Fazit: Pflicht-Tool oder Chart-Esoterik?

Fibonacci Retracement auf TradingView ist kein Zauberspruch, mit dem du jeden Bitcoin-Dip perfekt kaufst oder jede DAX-Spitze genau erwischst. Aber es ist ein extrem verbreitetes Werkzeug, das dir zeigt, wo viele andere Marktteilnehmer möglicherweise hinschauen. Genau das macht es relevant, vor allem in Märkten, die stark von Psychologie und Algorithmen geprägt sind.

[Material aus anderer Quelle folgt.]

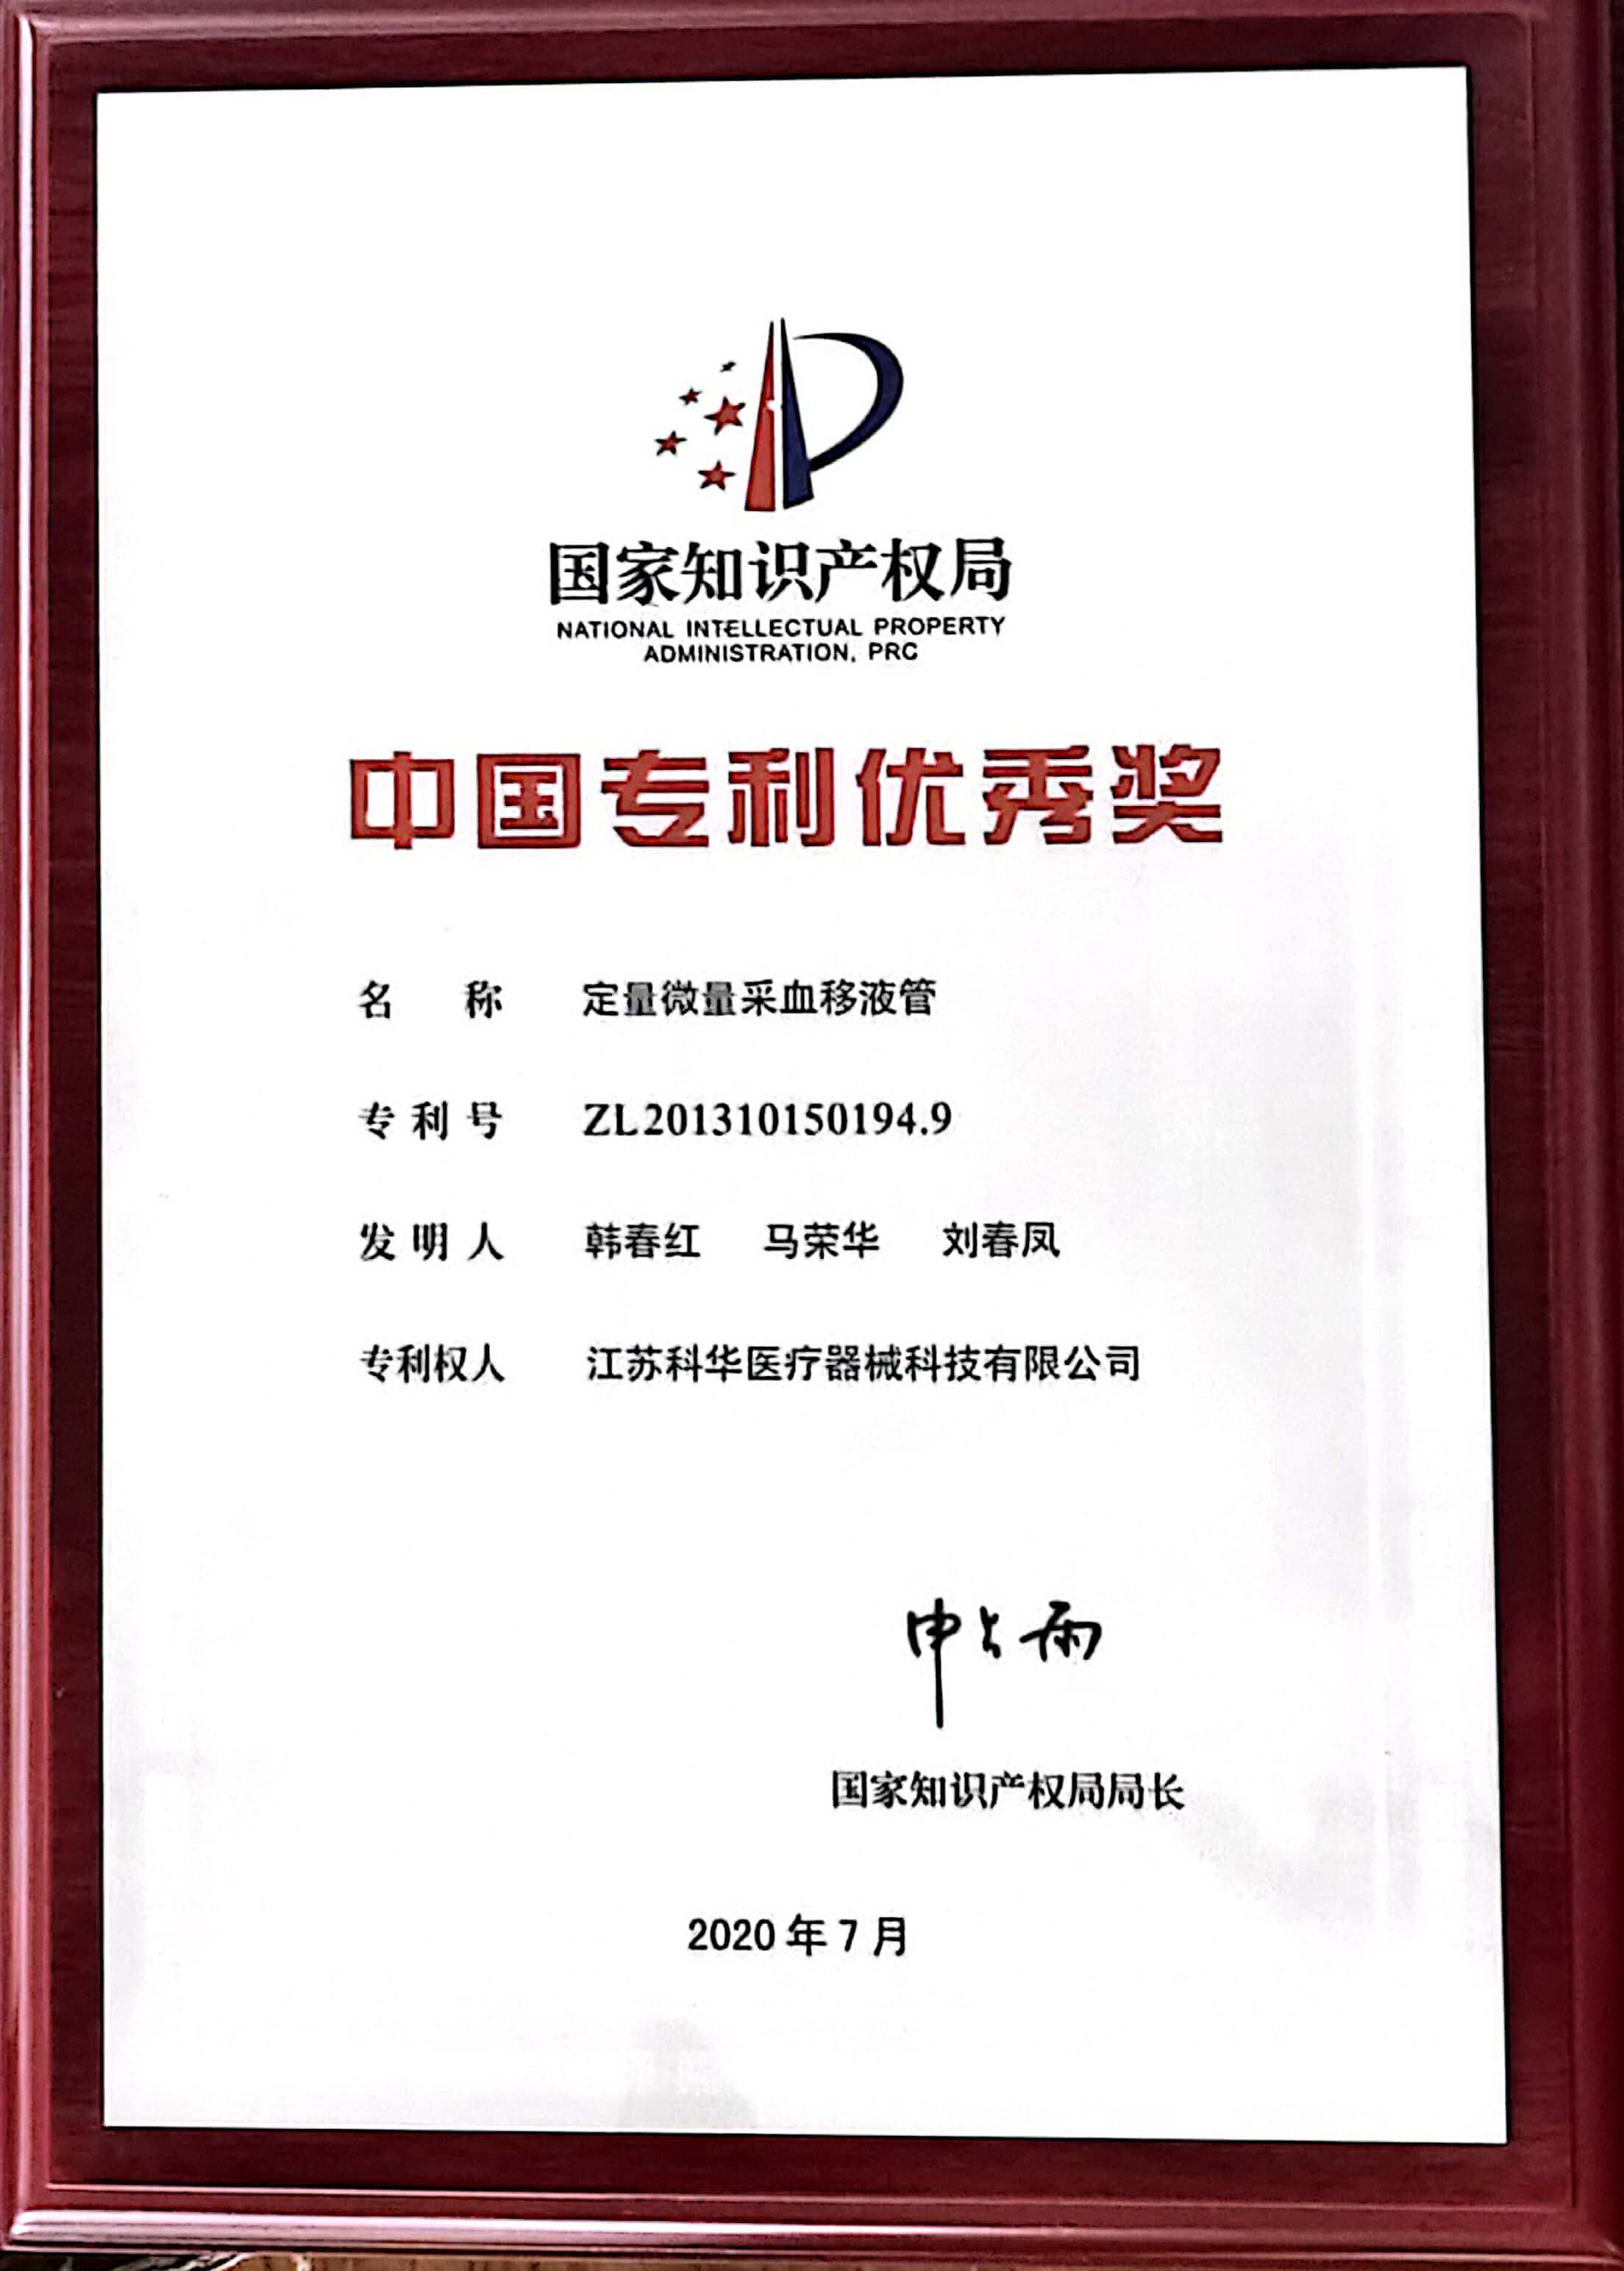 江苏科华公司喜获第21届中国专利优秀奖
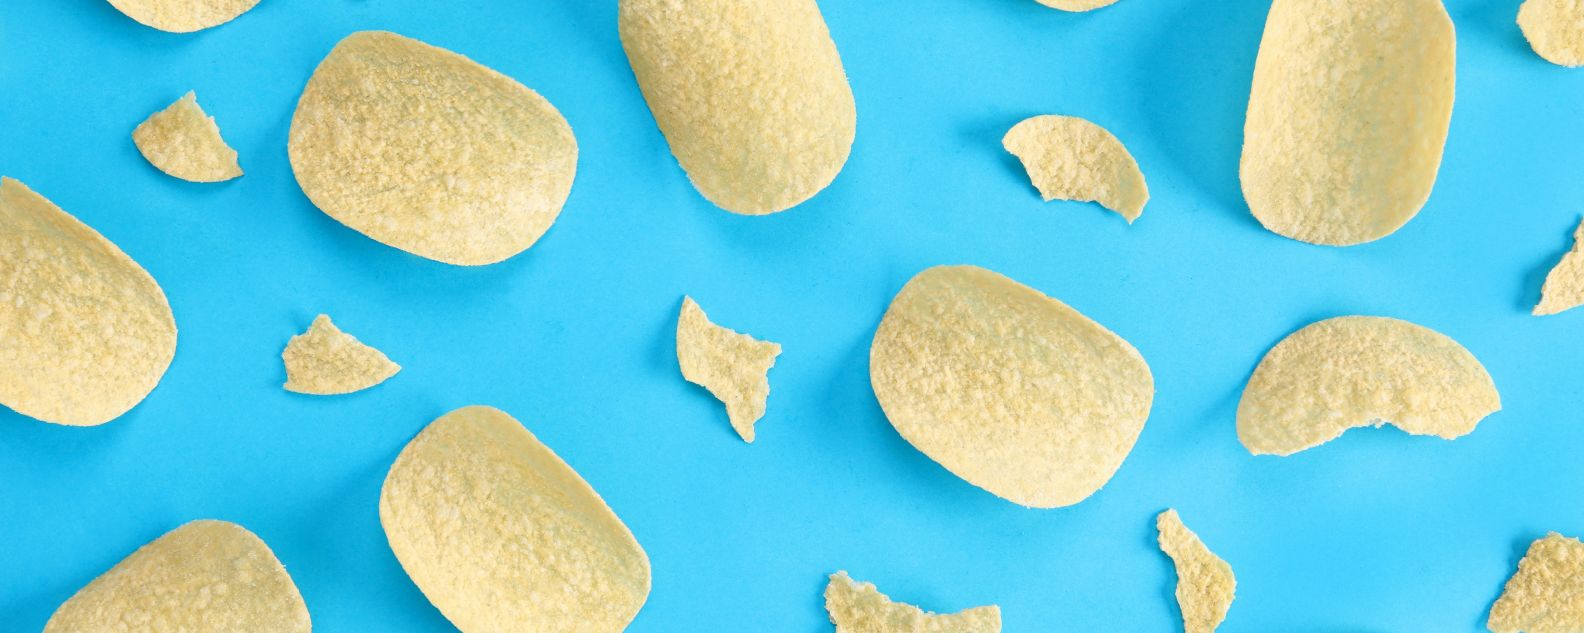 Pattern potato chips on blue background

Wenn du Fib-Levels mit solider Chartanalyse, klar definiertem Support und Resistance, Volumen und sauberem Risiko-Management kombinierst, hast du ein Setup, das deutlich strukturierter ist als reines Bauchgefühl. Gewinne bleiben trotzdem nie garantiert, Verluste gehören immer dazu, und jede Entscheidung bleibt deine eigene Verantwortung.

Für Trader, die ihr Game professionalisieren wollen, ist Fibonacci Retracement auf TradingView daher eher Pflicht-Tool als Esoterik - vorausgesetzt, du nutzt es bewusst, testest deine Ideen in Ruhe und lässt dich nicht von jedem bunten Screenshot auf Social Media in den nächsten Overleveraged-Trade schieben.